MiRNAs expresados diferencialmente entre IGD y controles
Para descubrir los miRNAs asociados con IGD, adoptamos un enfoque de dos pasos (descubrimiento y validación independiente). El diseño del estudio y la estrategia general se ilustran en la Figura S1 en Material complementario. En la etapa de descubrimiento, analizamos los perfiles de expresión de miARN de muestras de 51 (25 IGD y controles de 26) utilizando la matriz de miARN que contiene miARN de 384. Se encontró que los niveles de expresión de los miRNAs de 10 eran significativamente diferentes entre los grupos de control e IGD (Tabla (Table2) .2). Los niveles de expresión relativos de estos miRNAs 10 se muestran en la Figura Figura1.1. Entre ellos, dos (hsa-miR-423-5p y hsa-miR-483-5p) estaban regulados al alza y ocho (hsa-miR-15b-5p, hsa-miR-26b-5p, hsa-miN-RNXXX) hsa-miR-29b-3p, hsa-miR-125c-5p, hsa-miR-200c-3p, hsa-miR-337-5p, y hsa-miR-411-5p) fueron descargados
Tabla 2
MicroRNAs expresados diferencialmente (miRNAs) y cambios en el pliegue.
miRNA | Descubrimiento de moléculas | Validación | Conjunto | |||
---|---|---|---|---|---|---|
P-valor | Doble cambio | P-valor | Doble cambio | P-valor | Doble cambio | |
hsa-miR-15b-5p | 0.033 | 0.829 | 0.694 | 1.119 | 0.381 | 0.947 |
hsa-miR-26b-5pa | 0.008 | 0.871 | 0.049 | 0.841 | 0.013 | 0.857 |
hsa-miR-29b-3p | 0.005 | 0.400 | 0.560 | 1.187 | 0.089 | 0.647 |
hsa-miR-125b-5p | 0.021 | 0.582 | 0.290 | 0.950 | 0.069 | 0.723 |
hsa-miR-200c-3pa | 0.011 | 0.336 | 0.003 | 0.542 | 2.93 × 10-5 | 0.415 |
hsa-miR-337c-5p | 0.009 | 0.385 | 0.582 | 0.872 | 0.020 | 0.553 |
hsa-miR-411-5p | 0.004 | 0.322 | 0.336 | 1.282 | 0.158 | 0.595 |
hsa-miR-423-5p | 0.026 | 1.387 | 0.189 | 0.955 | 0.518 | 1.175 |
hsa-miR-483-5p | 0.018 | 1.861 | 0.765 | 1.413 | 0.211 | 1.647 |
hsa-miR-652-3pa | 0.019 | 0.715 | 0.049 | 0.877 | 0.011 | 0.782 |
aLos miRNAs se alteraron significativamente tanto en el descubrimiento como en la validación de forma consistente..

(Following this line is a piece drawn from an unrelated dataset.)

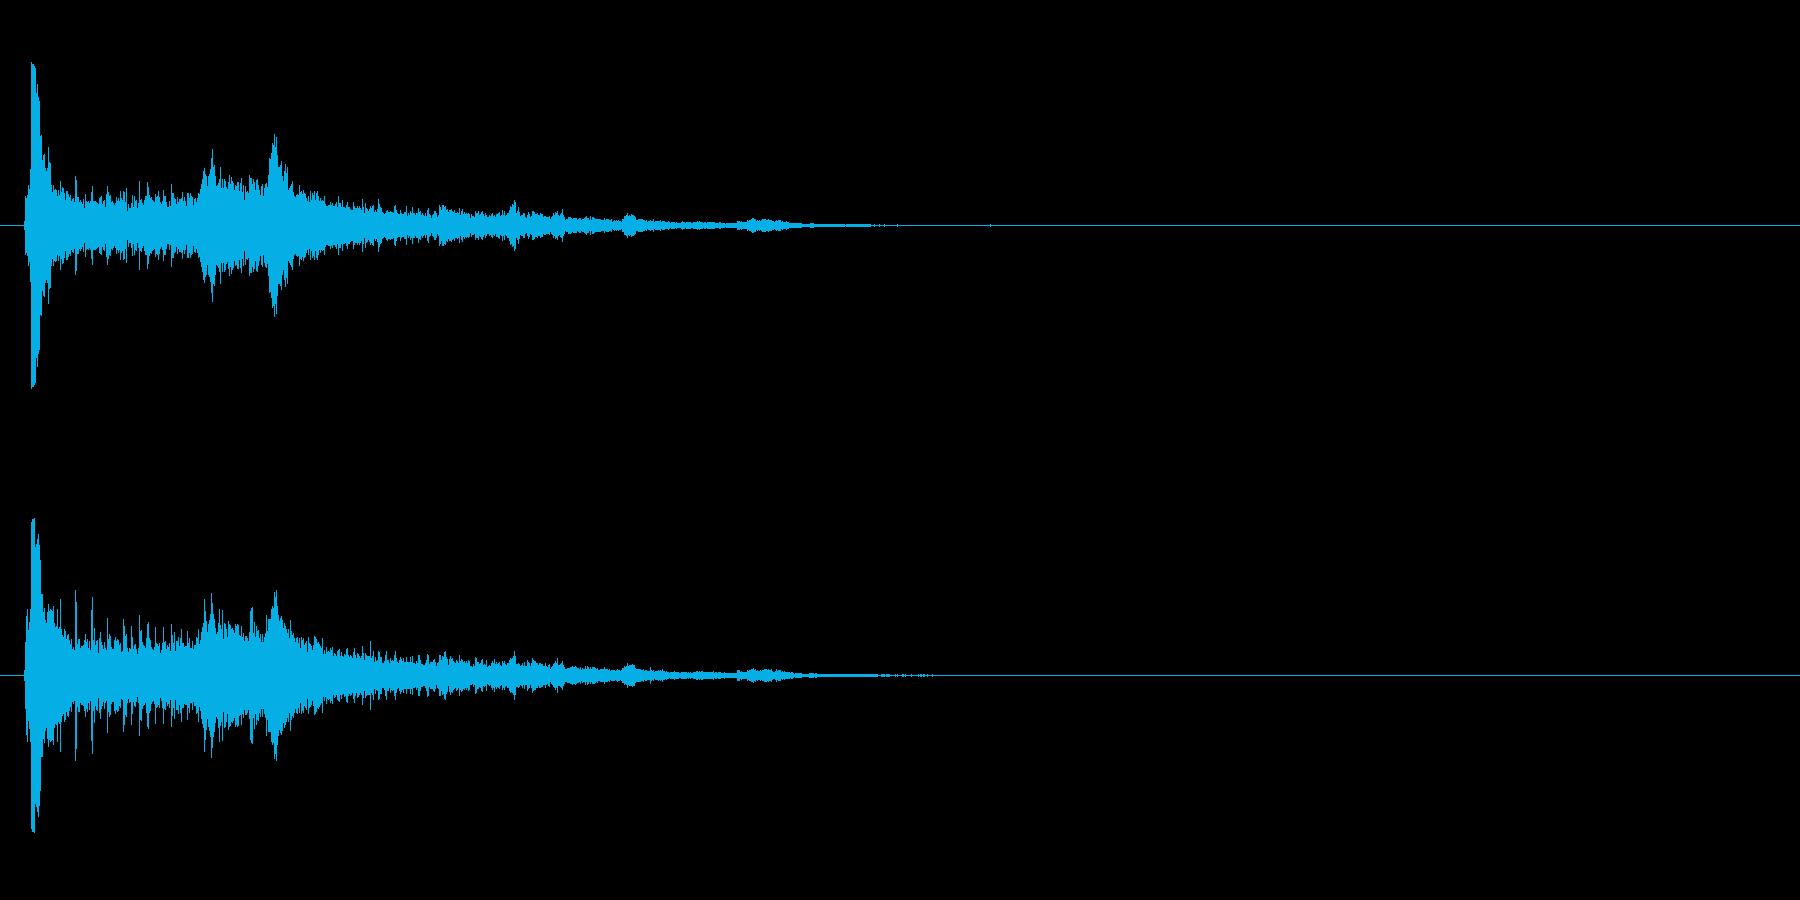 【アクセント01-2】の再生済みの波形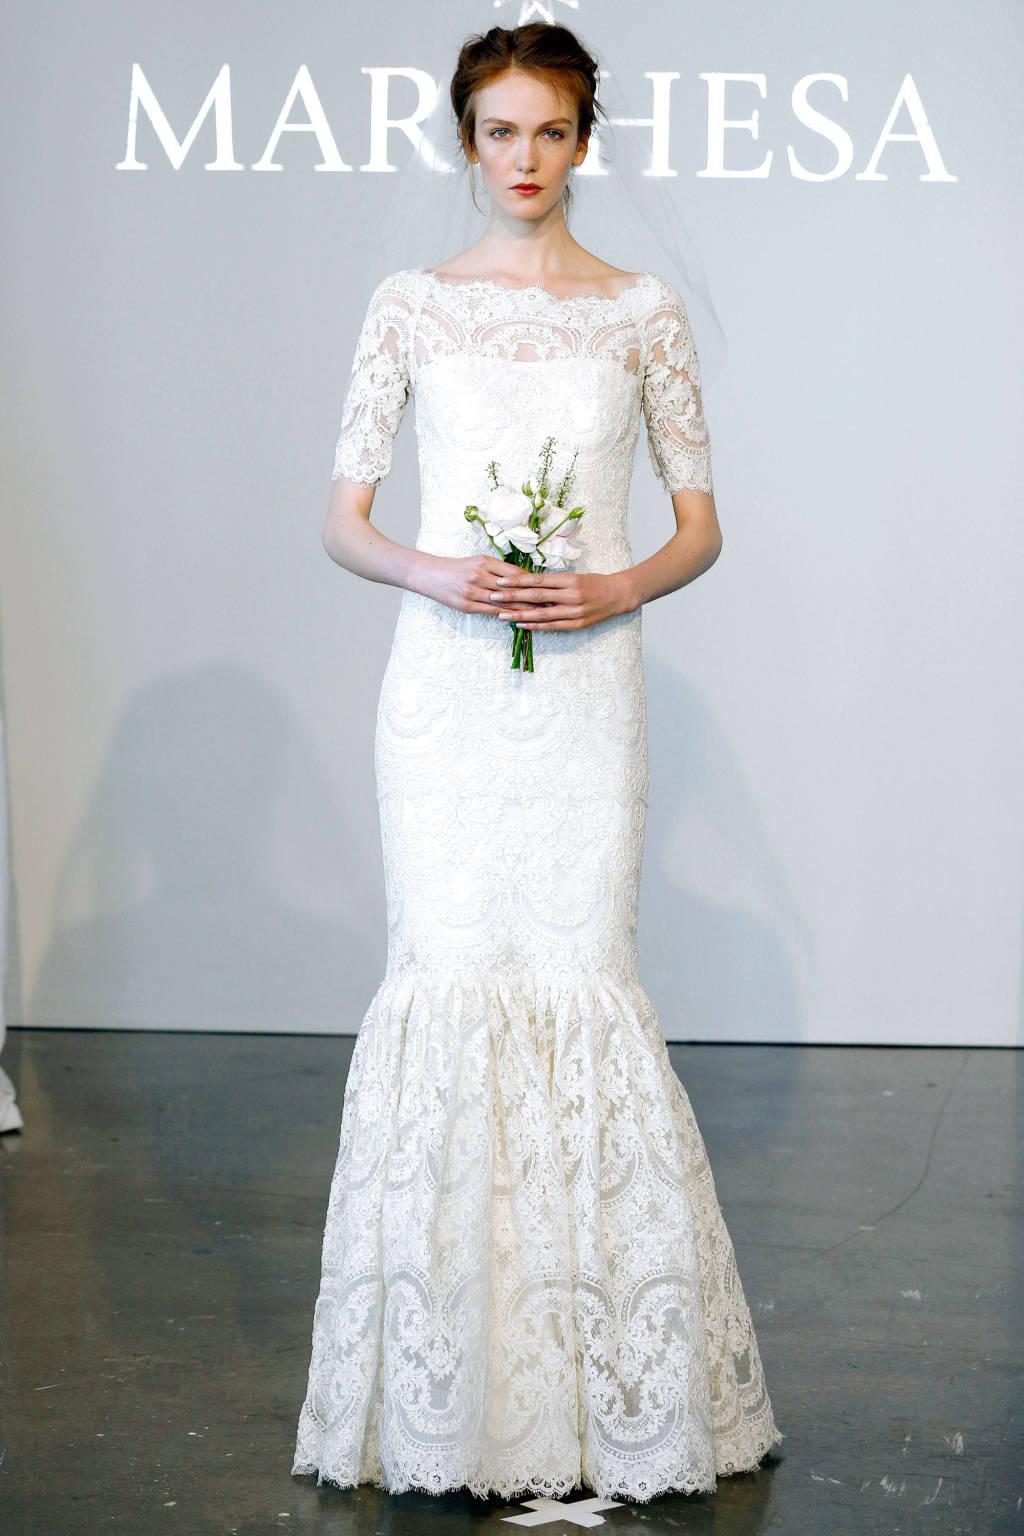 Nhà Marchesa lại tôn vinh nét đẹp quý tộc sang trọng và tinh tế. Hầu hết các mẫu váy lọt vào top đẹp nhất thế giới của nhà Marchesa đều khá kín đáo với phần vai và tay đáp ren.

qRT-PCR Validación de los miRNAs candidatos
Para validar los miRNAs candidatos de 10, realizamos qRT-PCR con un conjunto de validación independiente (controles IGD de 20 y controles 16) (Tabla S1 en Material complementario). Tres de estos miRNAs (hsa-miR-200c-3p, hsa-miR-26b-5p, y hsa-miR-652-3p) se regularon significativamente en el grupo IGD del conjunto de validación (Tabla (Table2) .2). Otros tres miRNAs (hsa-miR-337c-5p, hsa-miR-125b, y hsa-miR-423-5p) también fueron regulados a la baja en el grupo IGD pero no significativamente. Quedan cuatro miRNAs (hsa-miR-15b-5p, hsa-miR-29b-3p, hsa-miR-411-5p, y hsa-miR-423-5p) se expresaron de manera opuesta en el conjunto de validación. Cuando combinamos los conjuntos de descubrimiento y validación (un total de sujetos 45 IGD y controles 42), los tres miRNAs validados fueron consistentemente significativos (Tabla (Table2) .2). La información detallada, las ubicaciones cromosómicas, las secuencias maduras y los niveles de expresión en el SNC de estos tres miARN están disponibles en la Tabla S2 en Material complementario.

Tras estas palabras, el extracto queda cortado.